It was a bit unusual to find a working vehicle after The Silence, since the EMP took out computerized cars, which most were, but this one might have been out of range or shielded. The vehicle was pulled over into the grass, tire marks where she’d probably freaked out and braked too fast. Circuit Cid looked at Red Jesus and half-rolled his eyes. Red gestured toward the car. The Terminator stoically scanned the area like a well-oiled leathery sentinel. “Just watch my ass,” Cid whispered to them.

“I’m Kaytie, with a ‘y’. In the middle. By the way. Although you won’t really need to worry about that since we won’t really be typing out tweets or anything anytime soon, lol.”

“Right, Kaytie. I’m Cid. Nice to meet you, let’s have a look.” Cid checked around, underneath the car, the back seat and the trunk, all clear. The doors were unlocked so he opened the drivers side, slowly. The back-to-the-future style door slid open like liquid metal. The keys were still in the ignition, so he gave it a try. Some lights flashed on, but no sound. The red light shaped like the platonic ideal of a computer chip stayed on. Cid pulled himself back out.

“Looks like you’ve got a dead energy regeneration chip. I might be able to do a bypass on it. It won’t operate at one hundred percent but at least you’ll be able to drive it.” Cid shrugged, popped the hood and shut the door.

Kaytie’s eyes perked up further, if that was possible. “You mean you can fix it? Will you marry me!?”Cid couldn’t hide a little grin of pleased-with-myself. That’s right, Circuit Cid, playa playa of the post-apoc playgirls. Red Jesus gave Cid a little tip of an imaginary hat as he came around to pop the hood. Nanowire Li-ion batteries all looked intact, deceptively powerful little electric motor, transmission all mint.

“Here we go.” Cid located the busted chip, whipped out his multi-tools and got to work.

***

Super Cid


Cid was one of those kids who had always liked to take things apart, to trace the inner lives
of objects. Clocks, radios, TVs, notebooks, PDAs, software, you name it, he’d probably disembowled it at least once. Unfortunately, Cid was a wrench in an education system wherein real creativity and intelligence that resulted in deviation from conveyor of the assembly line classroom, coloring outside the SAT bubble, was treated as a clinical defect. When he took apart another boy’s graphing calculator, stripped it down and reprogrammed it into a Funstation Portable that played Space Invaders: Attack of The Plus Signs, they suspended him, made him lie on a couch and tell a kiddie shrink what was keeping him from “focusing”. Kids at school mostly avoided him, he didn’t get to join in any reindeer games. After seeing Contact in the 6th grade, he hacked into NASA’s servers, used the Hubble telescope as his personal spyglass.
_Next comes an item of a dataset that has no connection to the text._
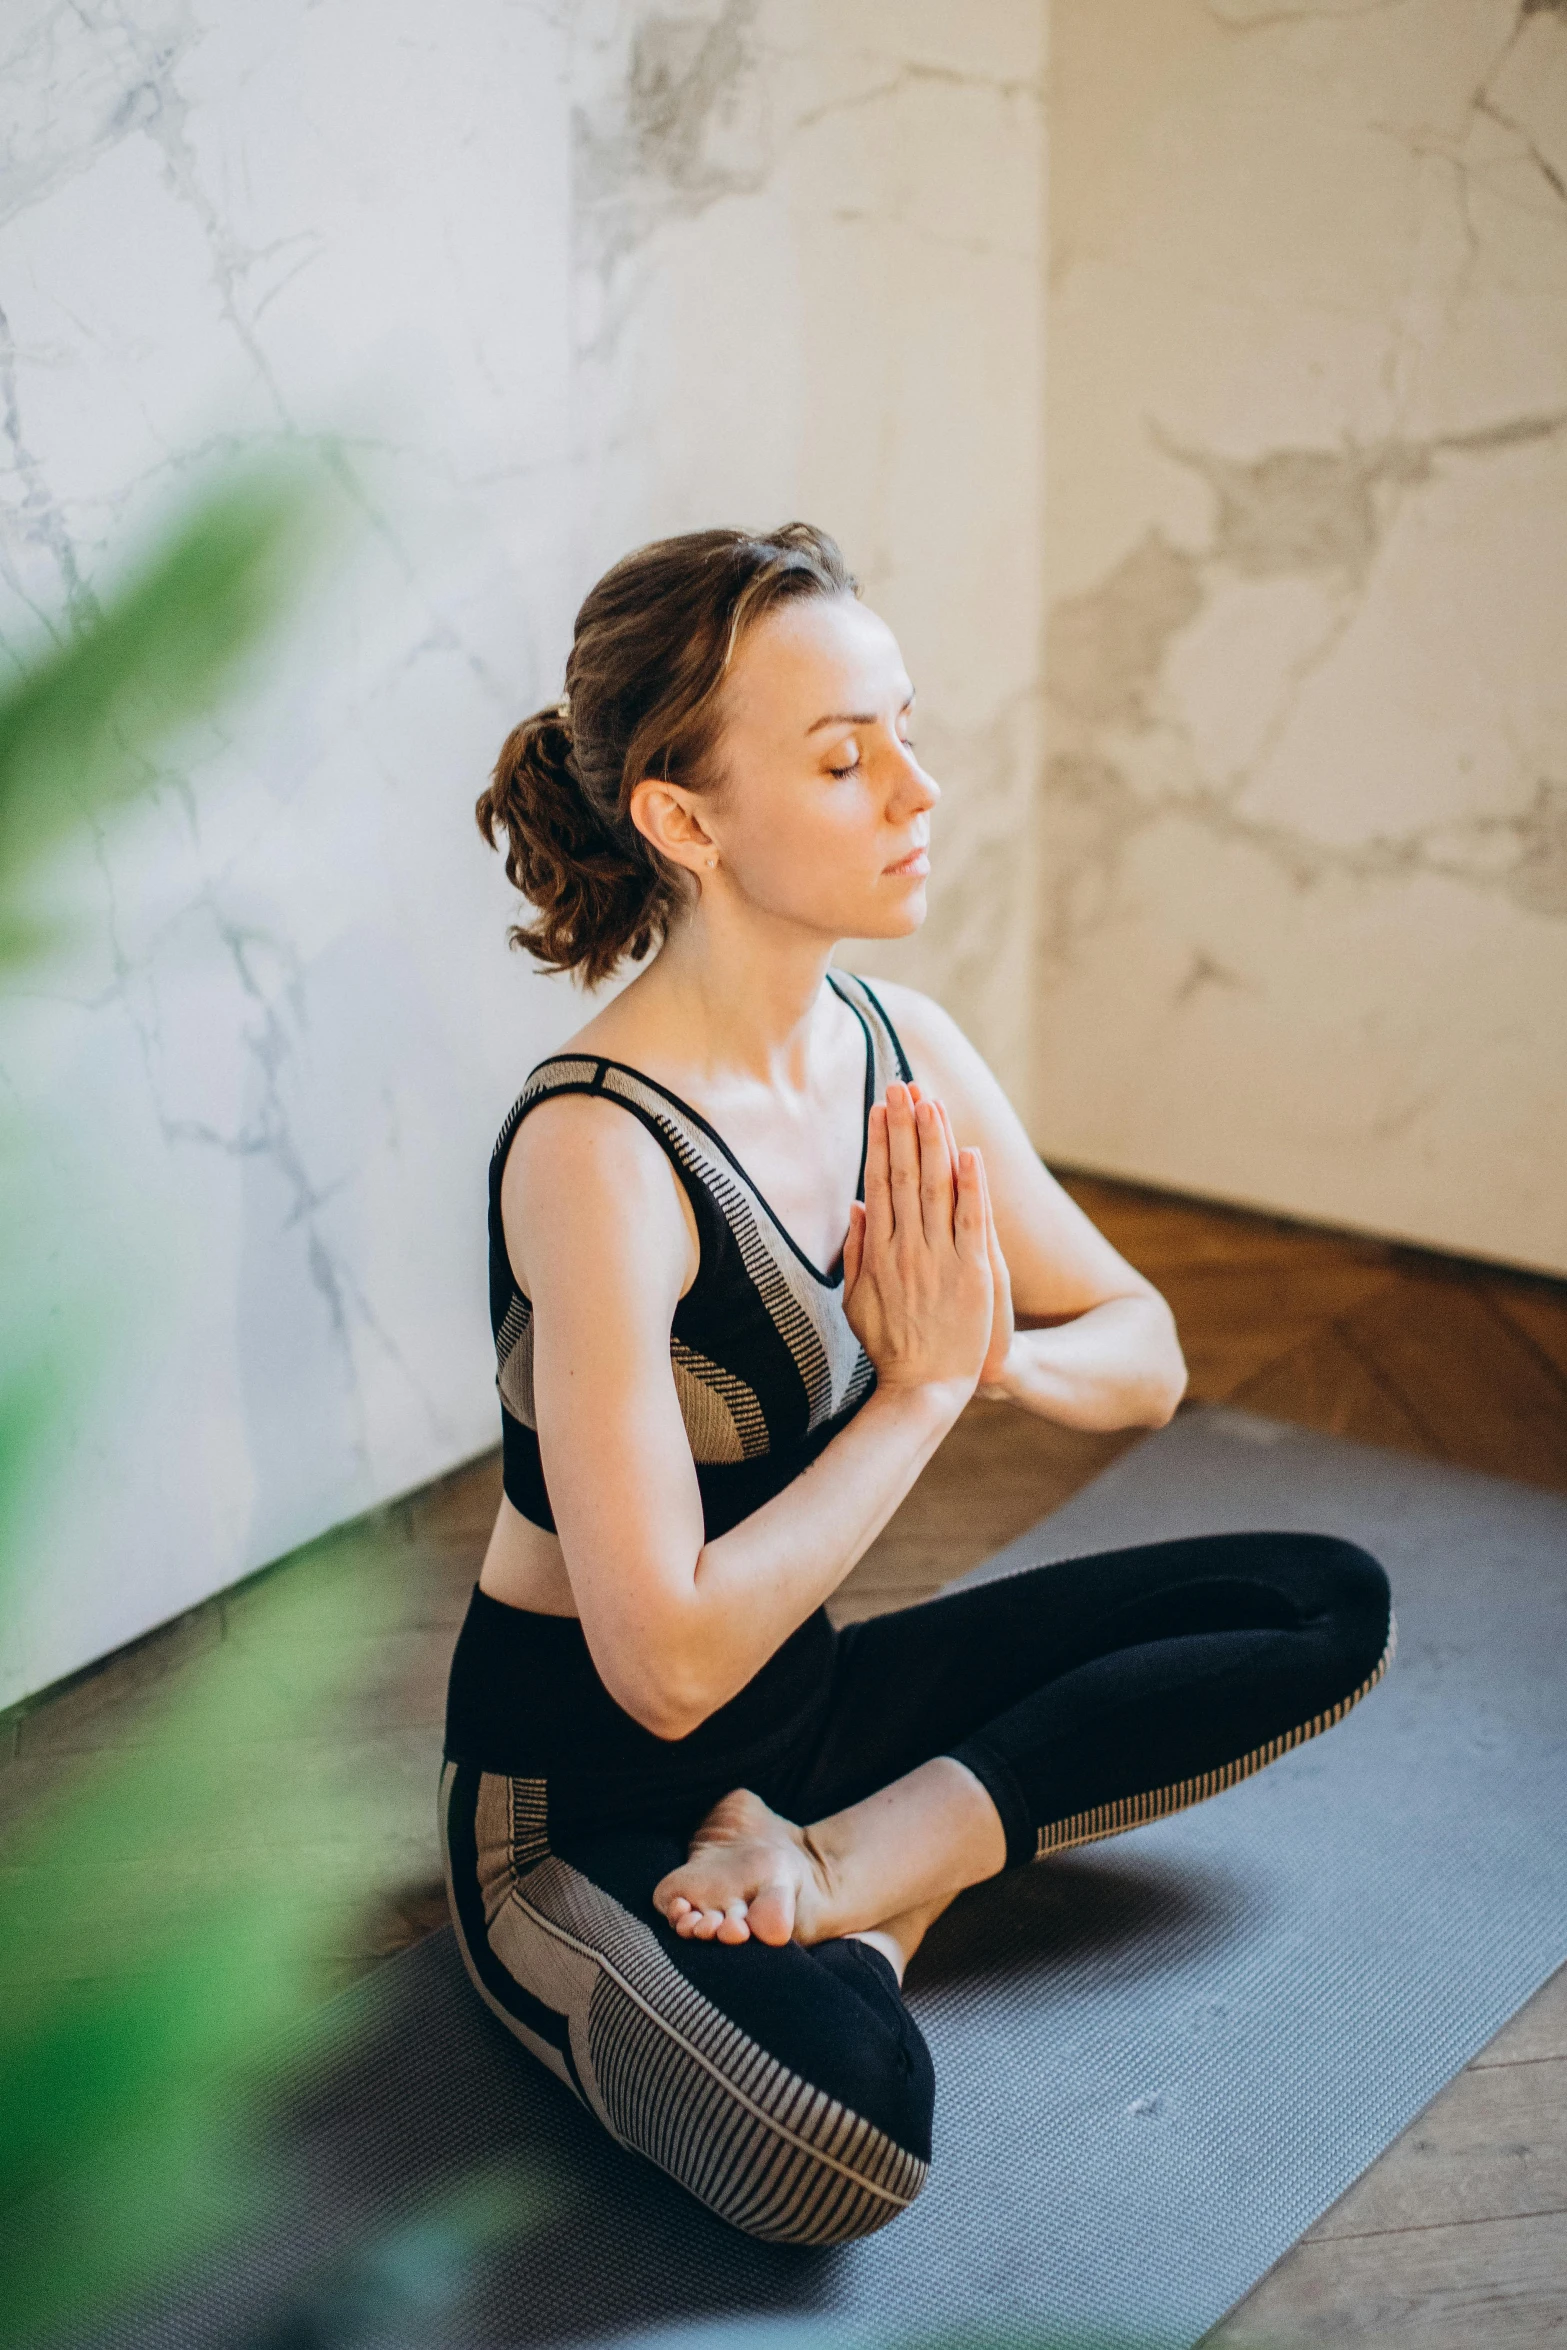 a woman sitting on a yoga mat in the middle of a room, praying posture, promo image, ewa juszkiewicz, low quality photo

When the scary men with wires in their ears asked him what he was doing, he told them he was looking for aliens like him to be friends with.

After escaping high school with his ulnar arteries mostly intact, he met a fellow techno outcast Mike, who helped get him a job at a hole-in-the-mall computer repair place. Through Mike, he started playing in an eclectic avante electro band, creating unearthly instruments from the remains of discarded electronics. Mike introduced him to like minds, a place to call home, the growing neon ocean of the internet. He was an ugly duckling who’d finally been reunited with the swans.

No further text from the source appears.